Уильяма больше интересовала предстоящая поездка младшей сестренки:

– Руку даю на отсечение, влюбишься в какого-нибудь красавчика с фабрики «Фиат».

– Да, назовем его Марчелло, пылкий идеалист, – добавила Лесли. – Бутылочка «Кьянти», потная рубашка, пикник на обочине автострады…

– Он тебя чуток пошлепает. Красавчик так легко распаляется…
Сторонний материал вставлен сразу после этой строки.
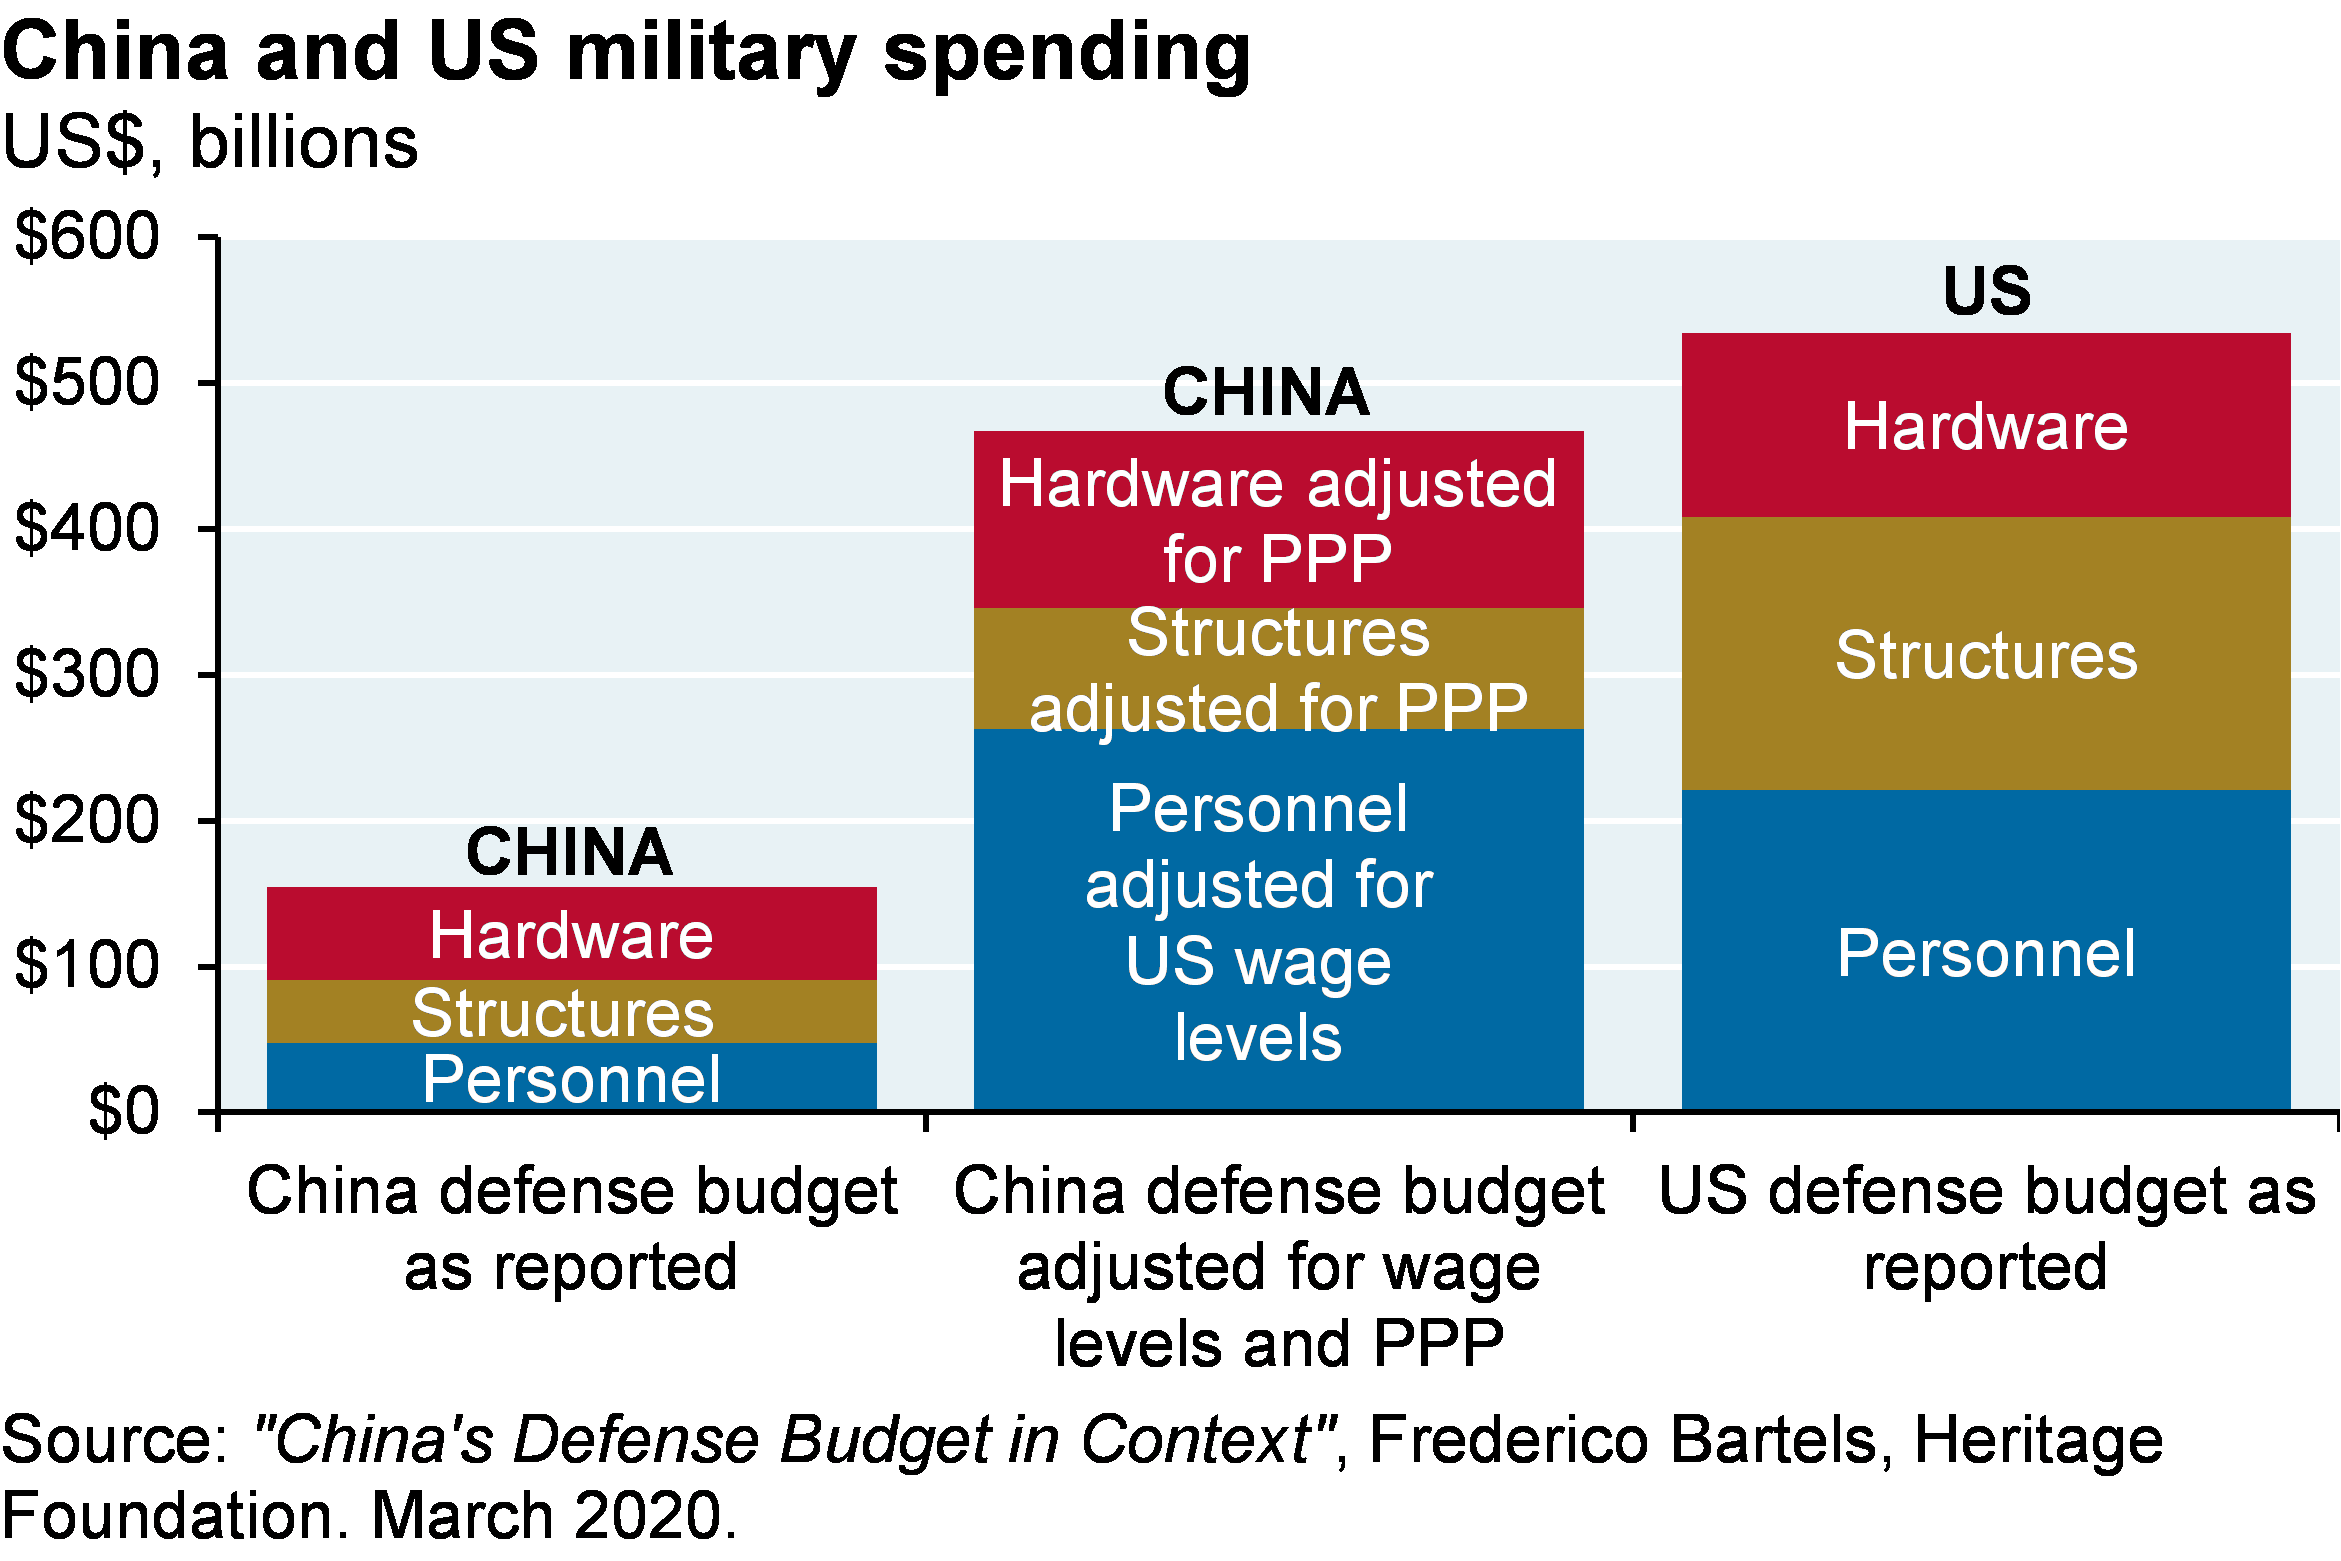 Stacked bar chart which shows China and US military spending broken out by category. The chart includes spending on hardware, structures and personnel. China’s defense budget as reported is around $150 billion, significantly lower than the US budget of $500 billion. However, after adjusting China’s defense budget for PPP and US wage levels the budget is closer to $475 billion.

– А ты за него убить готова…

– Прекратите! – Мать была потрясена, что ее старшие дети, оказывается, так много думают о сексе. Единственным утешением служил для нее тот неоспоримый факт, что я девственница. – Лиззи едет в Рим, чтобы посмотреть на величайшие произведения искусства, попробовать, что едят римляне, и… – временно маму покинуло красноречие, – …стать серьезной и эрудированной молодой женщиной.

Даже мой собственный энтузиазм поубавился от такого болезненного представления о Риме. По правде говоря, я мечтала насытиться видом обнаженных статуй. Я стеснялась смотреть журналы в специализированных магазинах в той части города, куда от нас добираться с тремя пересадками. В магазине я терялась, как последняя размазня, и дальше полок с вязальными каталогами не заходила. Зачем вообще понадобилось выставлять на витринах это вязание? Истинная клиентура подобных заведений скрывается у дальних стоек (главным образом мужчины в длинных плащах и париках, окутанные ореолом стыда).